UCL’s The Digital Department project offers a pilot programme to support teaching administrators and other colleagues for working towards CMALT. This is the second year we are running it and last year’s cohort had an excellent success rate.

1.      What does it involve?

Completion of a descriptive and reflective portfolio of about 3,000 words, demonstrating your knowledge in four core areas: operational issues (constraints/benefits of different technologies, technical knowledge and deployment); teaching, learning and/or assessment processes; the wider context of legislation, policies and standards and communication/working with others, plus one specialist option subject.  We will run monthly workshops to discuss and work on the core areas of your portfolio, and provide you with a mentor from our team to work alongside you and to ensure you successfully complete your certification portfolio.

2.      How long does it take?

It takes about six months from start to submission.  Our first cohort estimated it took around 20 hours in all to complete. The new 2013 cohort will start in February 2013.

3.      How much does it costs?

It costs £76 to register as a CMALT candidate under the UCL scheme.  In many cases last year the candidate’s department was able to cover the fee.

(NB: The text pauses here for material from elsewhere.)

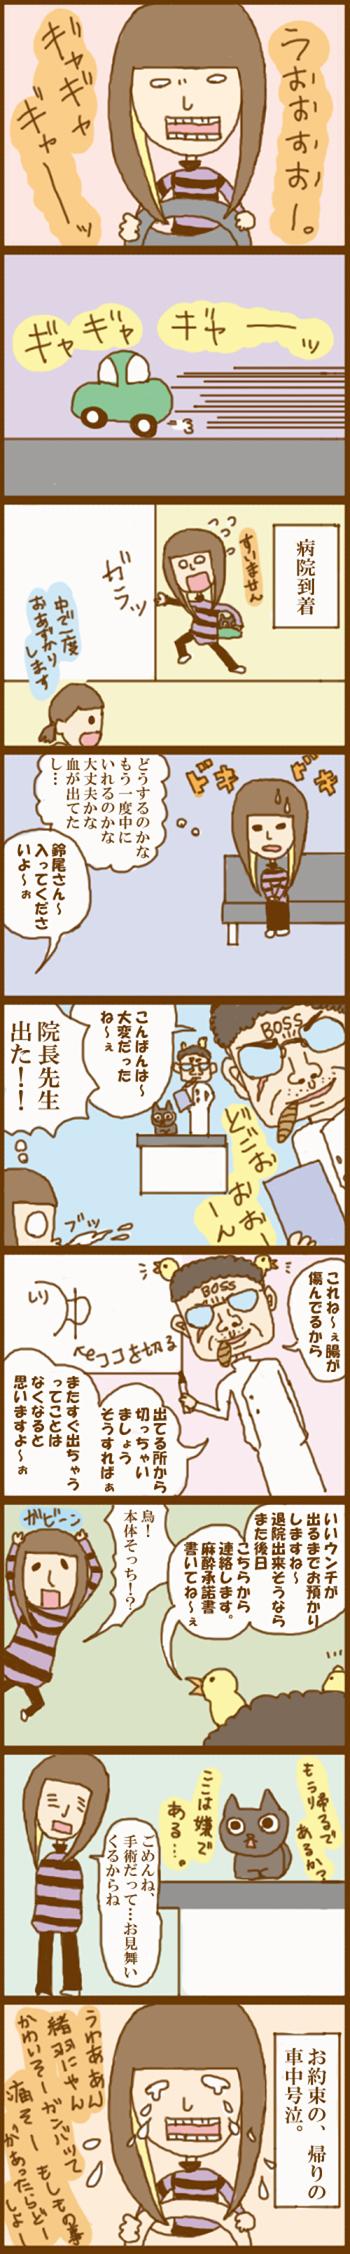 f:id:suzuokayu:20201110094602j:plain

This is an excellent opportunity to support your professional development with lots of support available.

For further information on CMALT, please visit the ALT website at http://www.alt.ac.uk/get-involved/certified-membership

Please register your interest with Alison Gilry a.gilry@ucl.ac.uk as soon as possible.

We will hold a meeting to provide further information for prospective participants at 3.00 pm on January 15th 2013 pm (location to be confirmed).

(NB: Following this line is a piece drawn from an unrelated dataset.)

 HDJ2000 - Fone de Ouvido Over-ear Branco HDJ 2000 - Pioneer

CMALT 2 – the return of our successful e-learning programme

By Clive Young, on 10 December 2012

As many of you know some 20 TA colleagues started at the beginning of the year on our ambitious and experimental programme to support our colleagues through the Association for Learning Technology’s Certificate Membership of ALT (CMALT). Over half have now successfully completed the e-learning portfolio and such is the interest in the programme at UCL we are now planning another run, starting early in the new year. We are also encouraged by ALT who describe it as their most successful group CMALT programme ever! Perhaps even more importantly the participants report they found it both interesting and useful in the development of this growing component of their work.

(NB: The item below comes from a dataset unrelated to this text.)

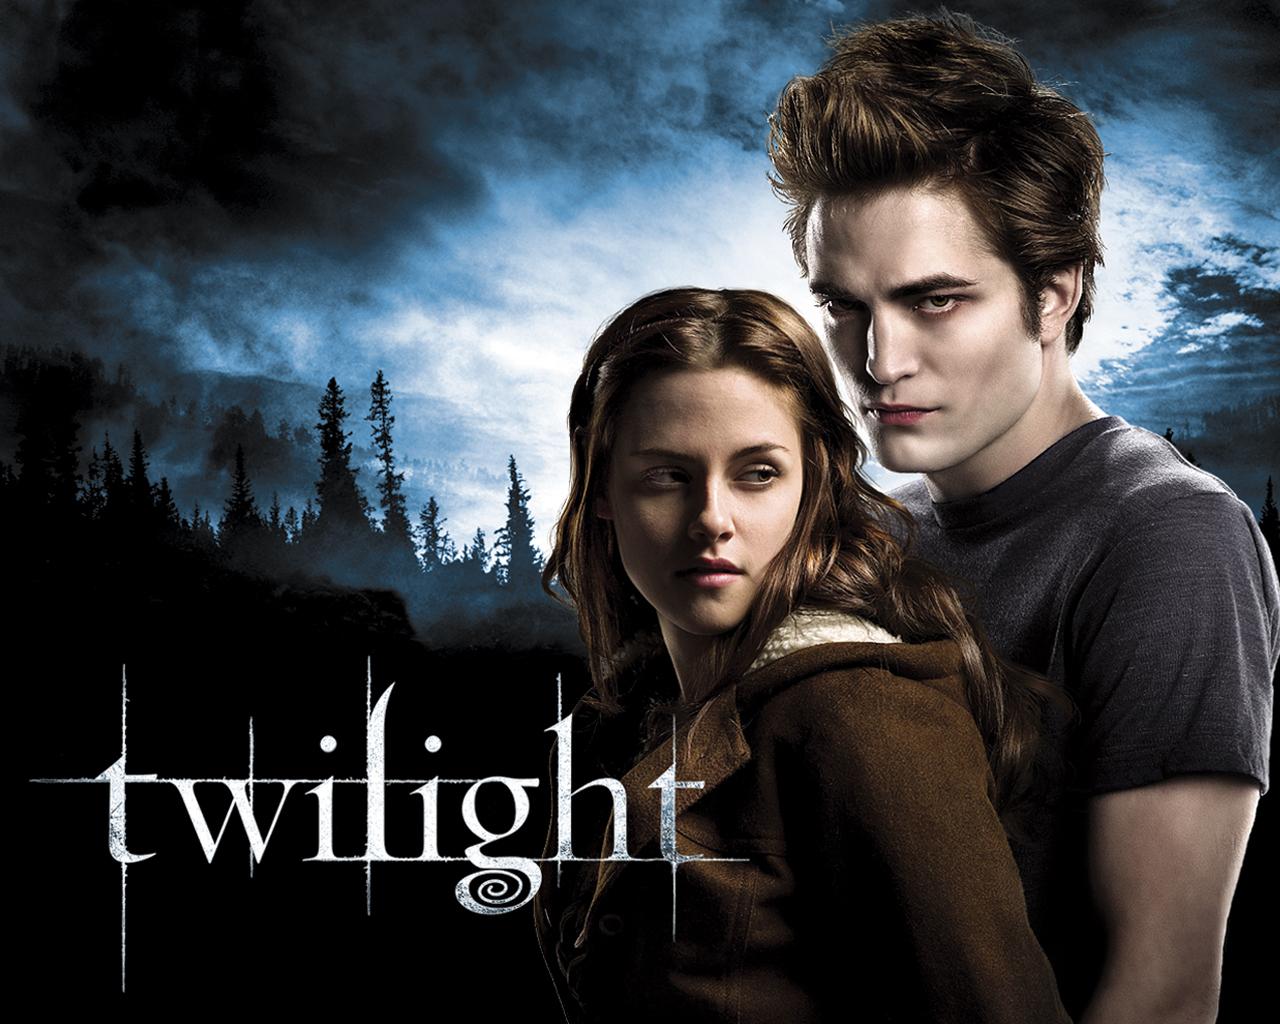 twilight movies maniac

We will be sending out more publicity and information soon, but in the meantime if you are interested in the programme, please contact Alison Gilry (a.gilry@ucl.ac.uk).

Back in action

By Stefanie D Anyadi, on 29 November 2012

Our blog has had a rather long summer break although there has been quite a lot of activity. One of the outcomes we have achieved is the successful accreditation of a cohort of teaching administrators as Certified Members of the Association for Learning Technology.

We developed a programme of workshops and arranged mentors to guide teaching administrators through the accreditation process with an excellent success rate. Feedback and the completed portfolios show how this has encouraged reflective practice as well as an exchange of ideas between colleagues from across UCL.

Gain CMALT certification through TDD

By Clive Young, on 13 December 2011

The Digital Department  is planning to support a group of our teaching administrators through the Certified Membership, Association for Learning Technology (CMALT). This is a well-recognised portfolio-based professional accreditation. The focus is on ‘learning technologies’ but the majority of UCL teaching administrators currently use applications like Moodle, Turnitin, Lecturecast, Opinio, My Portfolio, the UCL Wiki and so on, at least to some extent. All use email to contact students, and many are experimenting with text andFacebook , even blogs and Twitter.  Some also use other Web 2.0 technologies to support the student learning experience. In other words much of our practice may be applicable to CMALT.

CMALT is a chance to learn about, share and implement good practice in the wide range of technologies that support our students’ teaching and learning. For further information we have circulated a short leaflet.